Hamburg. Die 100 großen Fragen des Lebens: Wer die Welt wirklich regiert und warum wir die Europäische Union brauchen.

Eine einzige Regierung auf der Welt, die alles zentral lenkt: Diese Idee übt seit der Aufklärungszeit eine Faszination aus. Die Professoren Antje Wiener (Politikwissenschaften/Global Governance) und Markus Kotzur (Europa- und Völkerrecht) favorisieren dagegen ein Weltbürgertum. Wie selbst Ballermann-Urlauber zu Weltbürgern werden können, lesen Sie in diesem Interview.

Hamburger Abendblatt: Wer regiert die Welt? Ist es das Geld, sind es die großen Konzerne?
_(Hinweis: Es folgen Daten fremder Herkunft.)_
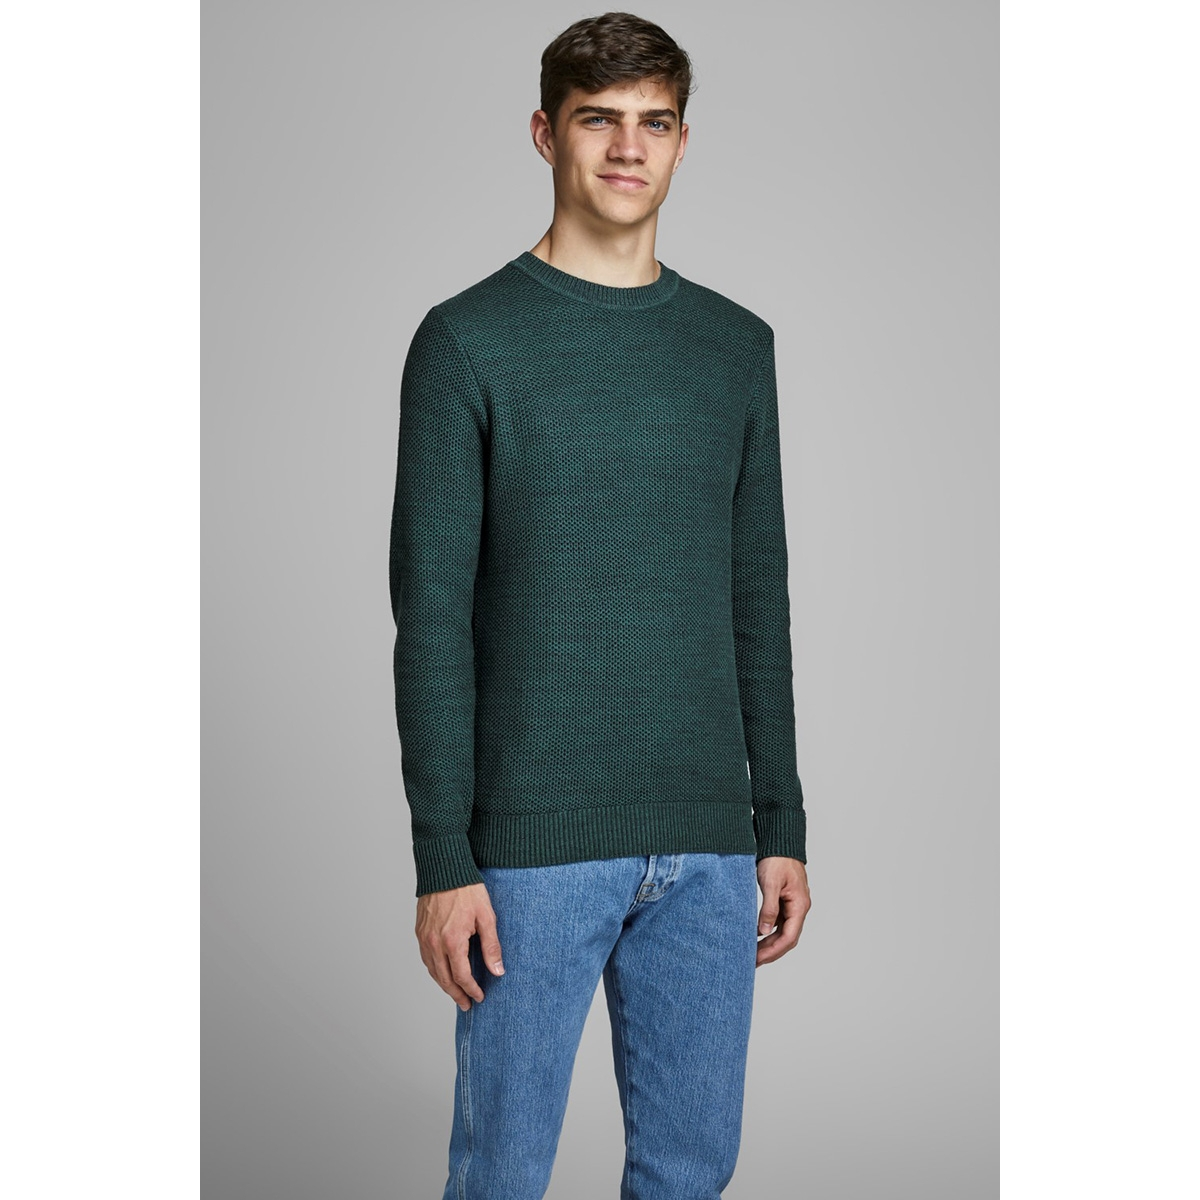 jorfame knit crew neck 12159056 jack & jones trui sea moss/knit fit

Wiener: Ich würde von verschiedenen Ordnungen sprechen. Es sind fünf: Da ist die politische Ordnung, sie wird durch die Rechtsordnung gestützt, denn ohne Recht kann die Politik keine Sanktionen ausüben. Dann gibt es die Wirtschaftsordnung. Die ist schwer zu bändigen. Dann gibt es die sozial-kulturelle Ordnung, die ist sehr untererforscht. Und wir haben die epistemische Ordnung, die durch das Wissen gestaltet wird. Dieses Zusammenwirken wäre eine Grundlage für Formen des Regierens in der Welt.

Und was meinen Sie?

Kotzur: Auch die Juristen würden mit der Idee der Ordnungen arbeiten. Und die Ordnungen werden durch Akteure gesteuert und beherrscht. Die Staaten sind in der internationalen Ordnung noch immer die wichtigsten Akteure. Sie haben sich in den Vereinten Nationen zusammengeschlossen, der berühmtesten internationalen Organisation. Daneben spielen auch Nicht-Regierungsorganisationen und die von Ihnen angesprochenen transnationalen Konzerne eine maßgebliche Rolle. Dazu kommen Kirchen, Lobbygruppen, Gewerkschaften – so vielfältig die Ordnungen sind, so vielfältig sind die Akteure, die die Welt mit regieren. Und deshalb gibt es nicht die eine, zentrale Instanz.

Es sind Menschen, die Macht ausüben. Wer sind diese Menschen?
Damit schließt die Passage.